A proof in terms of numbered formulae and various $\Rightarrow$, resp. $\Leftrightarrow$-signs could be checked by an automated proof checker. On the other hand, a "figure" is just a bitmap, or a pixel heap, and I doubt that an automated proof checker would ever be able to make out what this figure is telling us.

In other words: Figures are viewed at and interpreted by humans. Sometimes these humans consent in accepting such a figure as proof of some statement, but sometimes they are in error in doing so. When a figure mainly serves to explain a certain concept, say, the derivative of a function $f:\>{\mathbb R}^n\to{\mathbb R}^m$ at some point $p\in{\rm dom}(f)$, then there is not much harm possible, but as soon as there are "cases" involved, say in a geometric proof of $\sin(x+y)=\ldots\ $ for arbitrary angles, the question arises whether the power of $1$ (one) figure is sufficient to prove the general statement. To put it differently: A general statement might involve very different morphologies, only one of which is captured in a single figure.

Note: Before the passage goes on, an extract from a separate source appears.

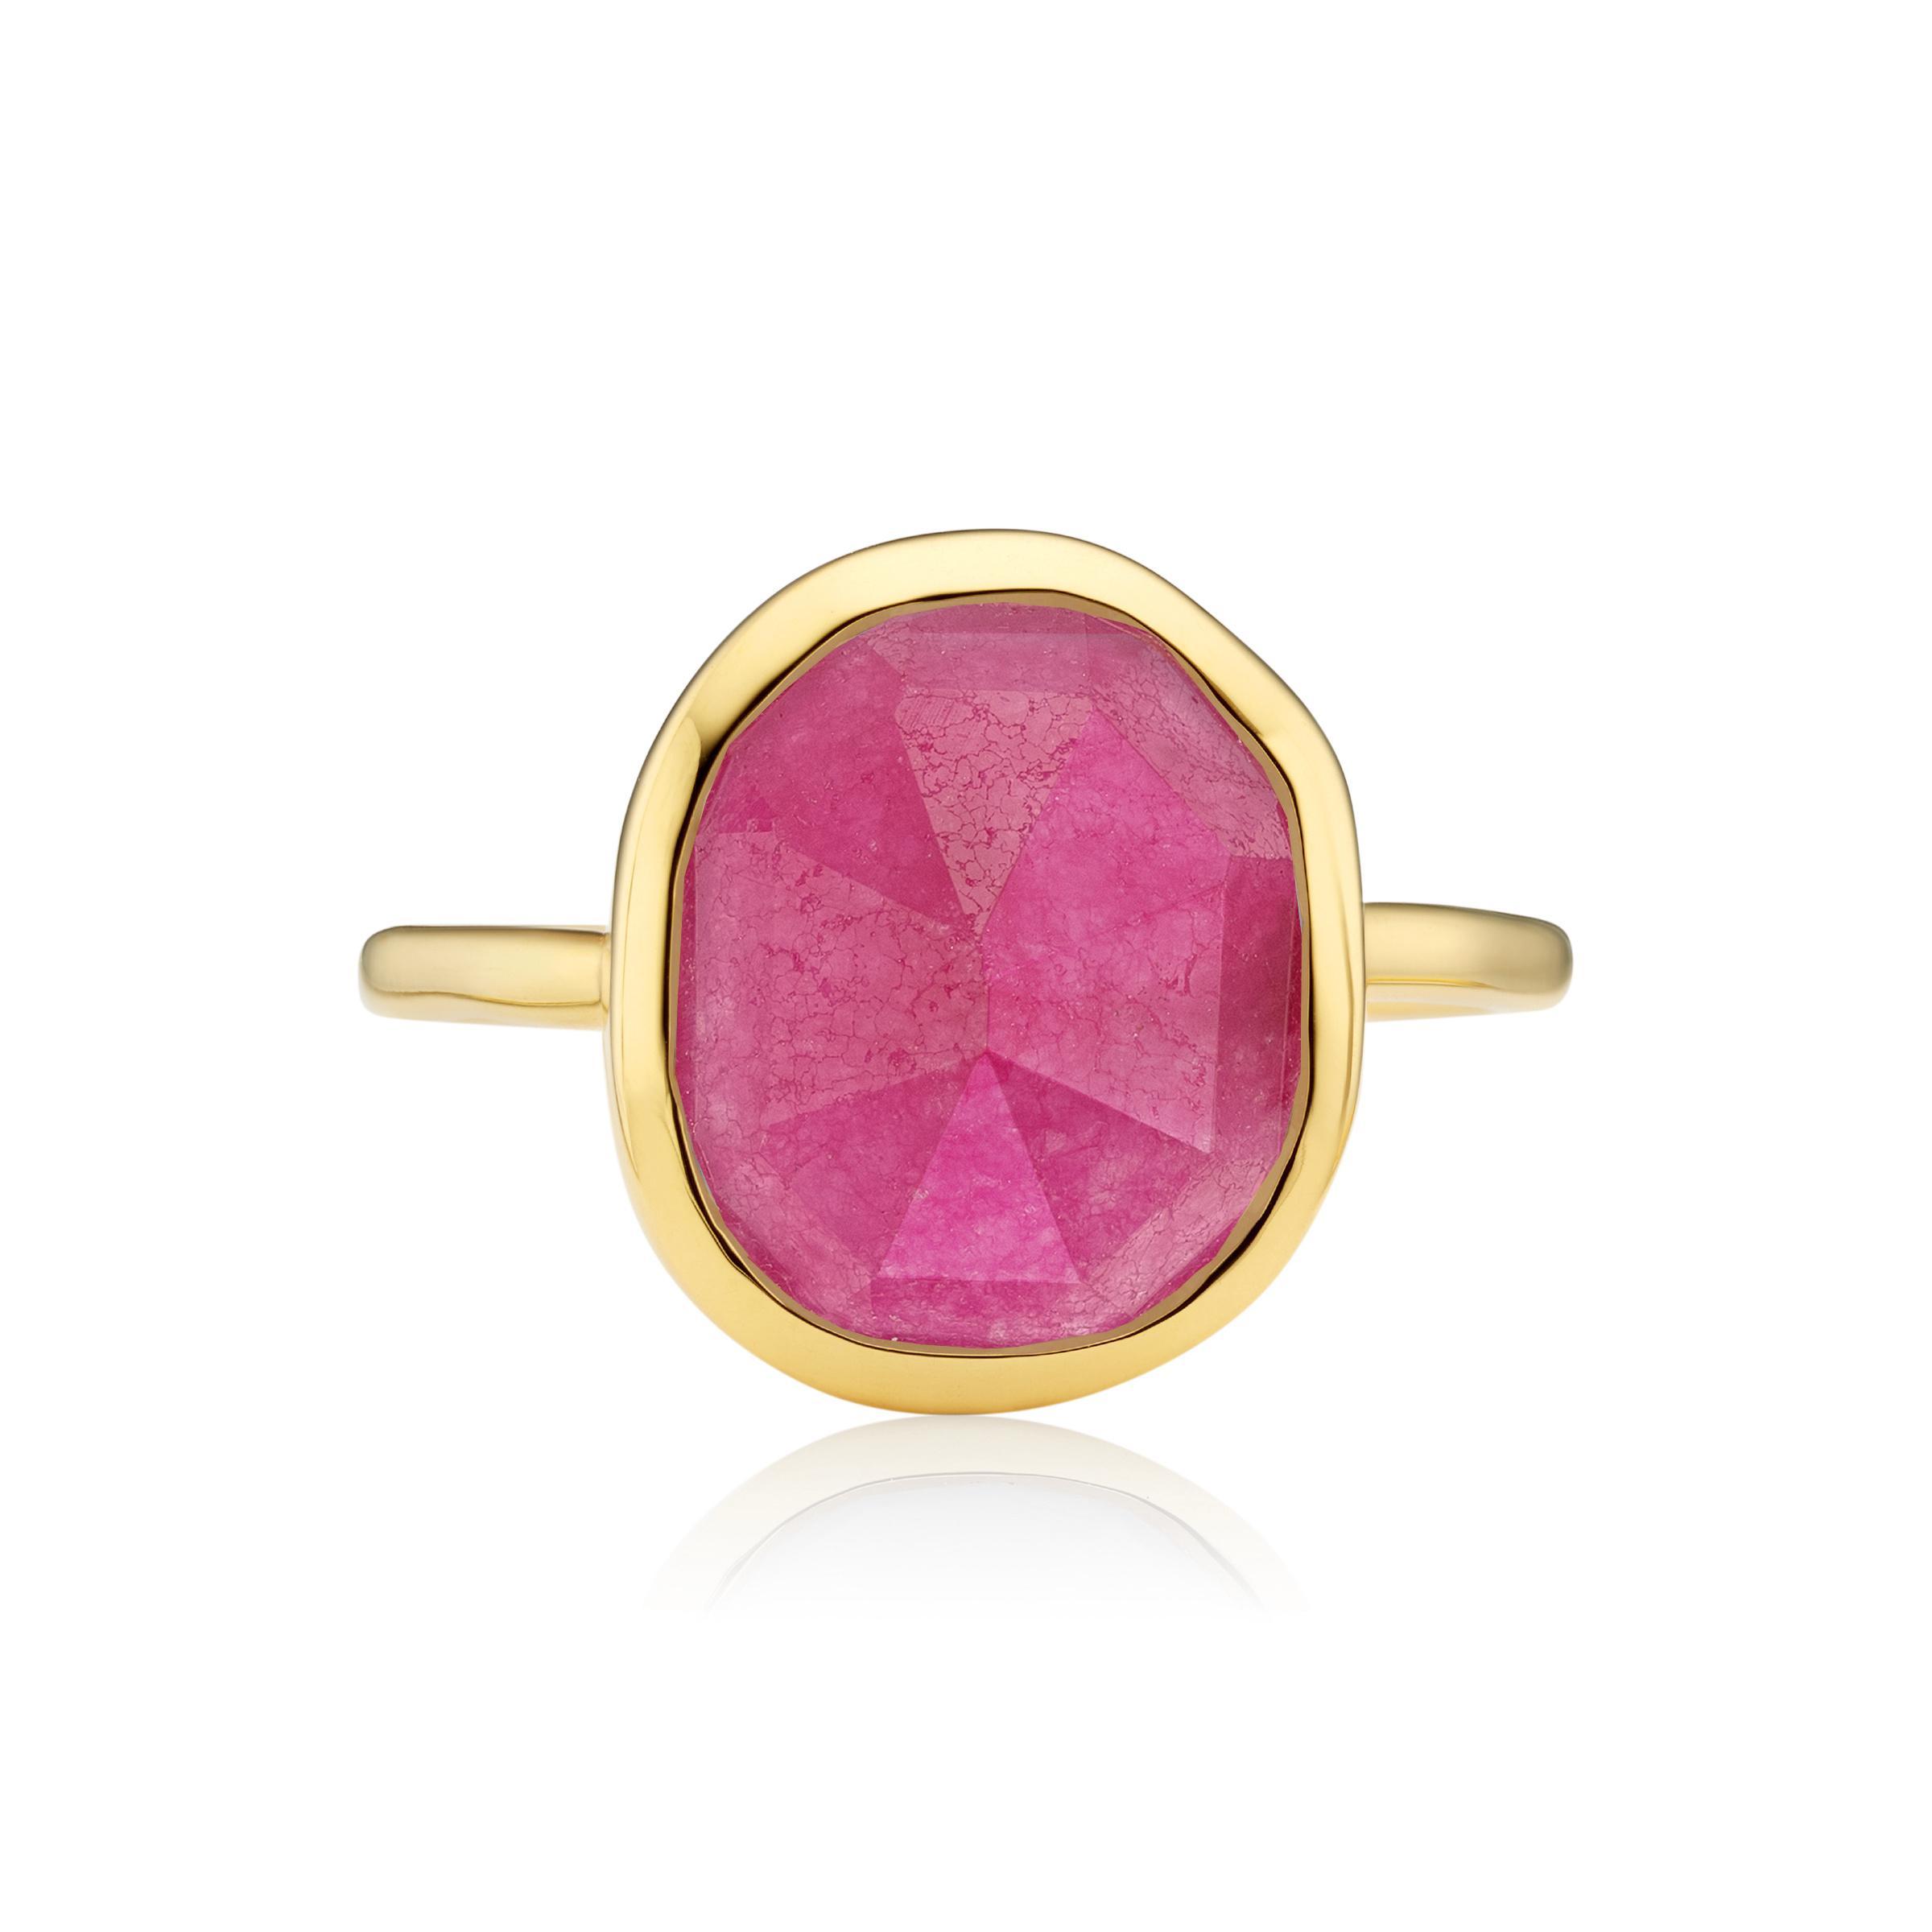 Lyst - Monica Vinader Siren Medium Stacking Ring in Pink

Concerning your example, it is certainly not sufficient to draw a point $x$ and a circle of radius $\epsilon$ around $x$. But inserting another point $y$ into this circle and drawing a very small circle around $y$ would make the idea of the intended proof clear. Nevertheless, in a course & homework situation it is expected that the idea so obvious in the figure is "verbalized" in a coherent argument.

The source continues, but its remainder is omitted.